Our school still had some of the older desks with ink wells in them. Ink wells were where you would put a bottle of ink and you would then take a fountain pen and draw the ink out, filling the pen for writing on paper. We all had to have a “Big Chief,” which was a heavy, coarse paper in which you could almost see the grain. It had two sets of lines, one for capitals and the dashed line for lower case. This also worked well for learning to write in cursive. I can’t believe they don’t want to teach that anymore.

Recess, like lunch, was usually a time when we went outside and were allowed to play without structure. When kids are left to find their own fun they can actually become quite creative. One of the games we played we called “chicken,” and in it one kid rode on another’s back and would challenge two other kids with the object being to knock the opponent off the other kid’s back. This was fun and seemingly harmless until someone (me) broke their arm. From that time on we were forbidden to do this type of “fun.”

Not to be deterred by this setback, we moved on and created another fun thing to do at recess. We were not even 10 years removed from WWII, so playing army was a popular game. We used sticks for guns and took turns being the enemy, but of course the older kids were usually always the good guys even if the younger kids felt they should really have been the bad guys. The thing that brought us all together wasn’t necessarily the game itself, but the digging of fox holes. Now, we didn’t just pretend to dig fox holes. We actually dug some pretty elaborate holes and to keep them from being noticed we dug them at the far end of the playground and spread the dirt out. We even found some old plywood to cover them up with so they wouldn’t be found. This went on for a couple of weeks until someone ratted us out or the custodian found them when he was mowing. Either way we were made to stay after school and fill our creation with dirt and were told, in no uncertain terms, that it was not to happen again.

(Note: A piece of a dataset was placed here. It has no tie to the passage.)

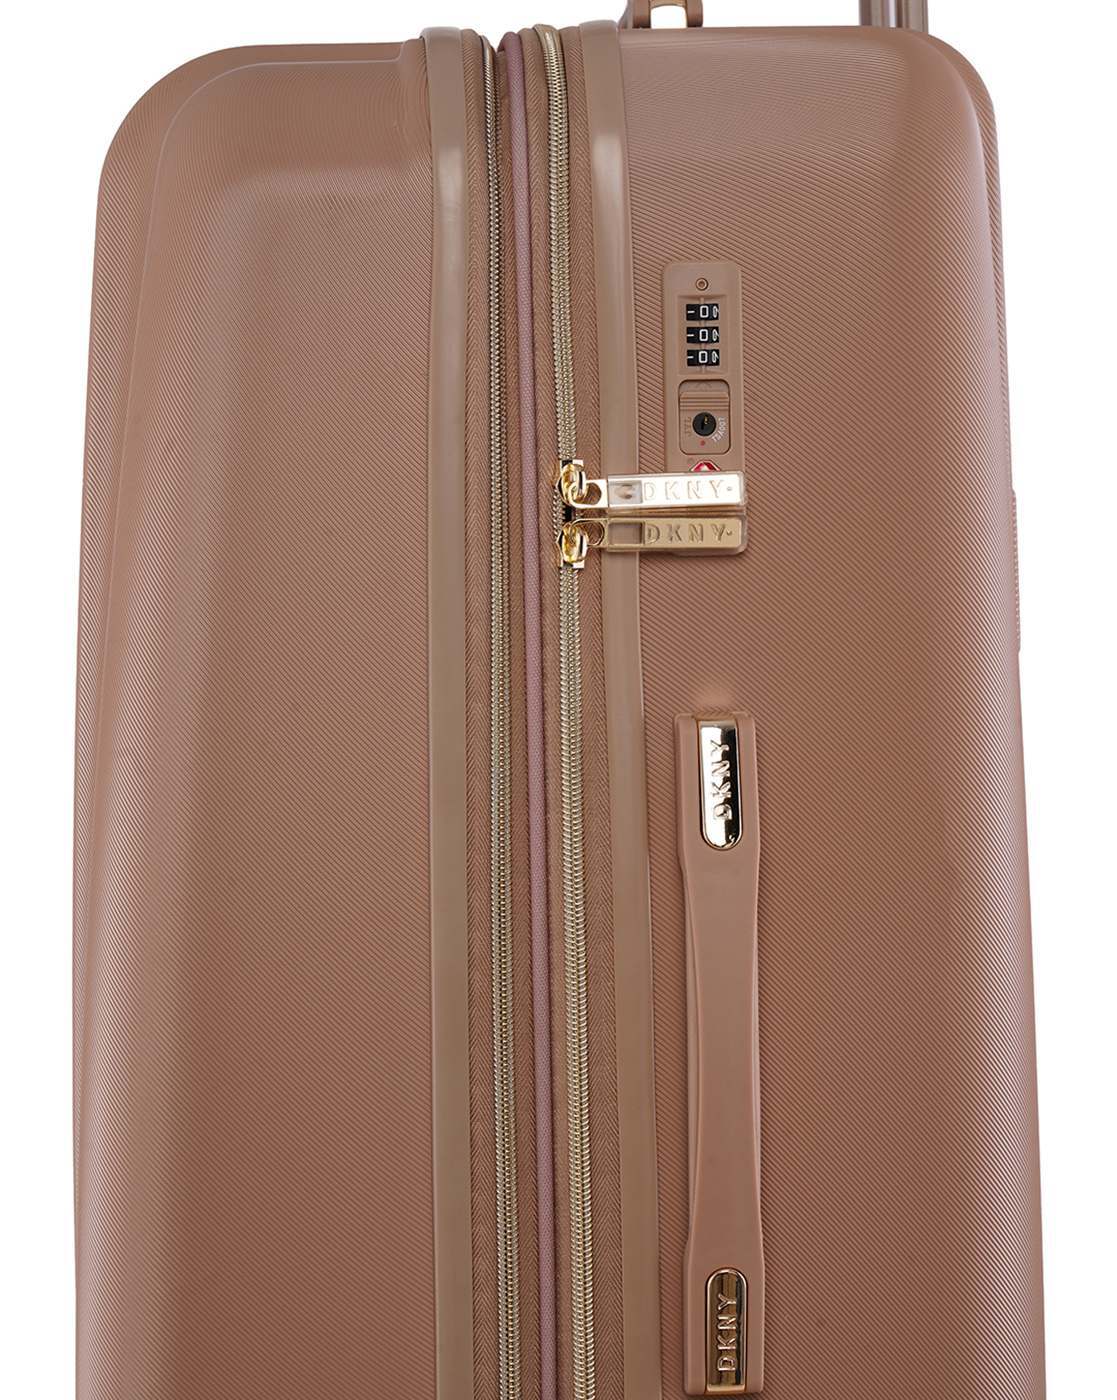 DKNY Bias 28 | Purses and handbags, Cute luggage, Trolley bags

Yes, school was fun and most of the time uneventful, but once in a while our creative genius would kick in and we would try to push the envelope. One of my favorite things to do on an indoor recess was to play with modeling clay. I could take that clay and make anything from army men to football players or even stock cars. The best part was when you were finished you could roll everything into a ball for the next time. I carried my modeling clay habit home and found that, although I didn’t have much money for toys, I could buy a box of modeling clay at the Ben Franklin store for a quarter and make almost any toy I wanted. Even though I had long outgrown the modeling clay thing, my mother would always make sure I got a new box every year for Christmas.

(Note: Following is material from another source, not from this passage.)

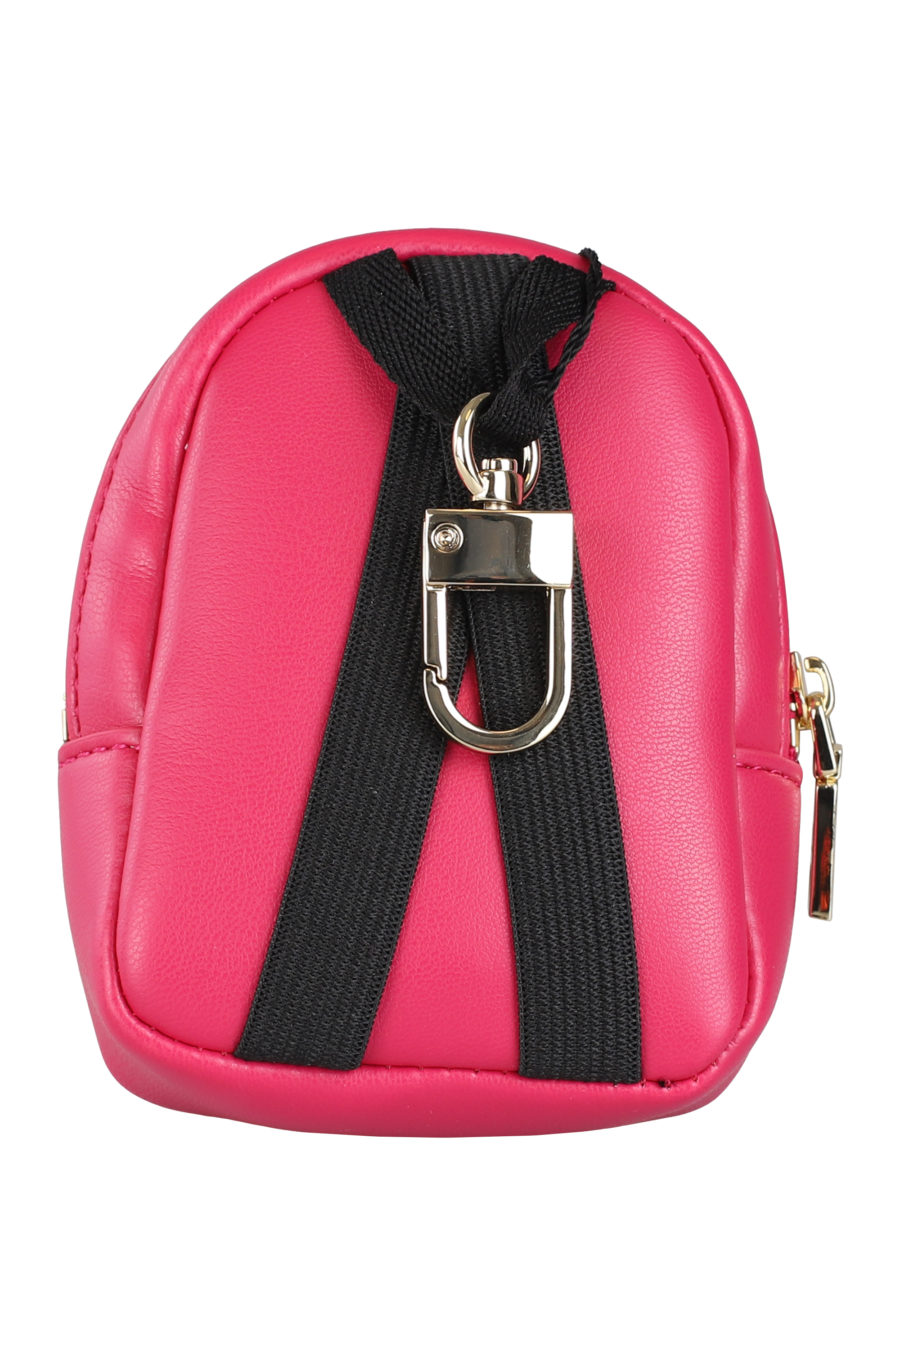 Llavero mini mochila rosa - IMG 9686

When I was overseas in the service I received a package from home at Christmas time. It was from Mom and Dad, and when I opened it up I found some clothes and, there in the bottom of the package, was a box of modeling clay. Even though I was halfway around the world, that box of clay sure made it feel just a little more like Christmas. I guess that’s just what moms do.

Once the school day was over, I would walk home and sometimes Larry Hubbell, who was a little older than me, would ask if I wanted to stop in for a while and watch “Crusader Rabbit” on TV. I always looked forward to that because we didn’t have TV at our house. We still hadn’t evolved from the entertainment-by-radio era.

Until next time, there is still time to enjoy the outdoor rinks, sledding and fishing on our area lakes, but always be careful when you do decide to venture out because no ice is ever 100 percent safe.

Please, remember to keep our troops in your thoughts and prayers, in not only during the holiday season, but for the rest of the year. They are the reason that we are able to enjoy all the freedoms that we have today.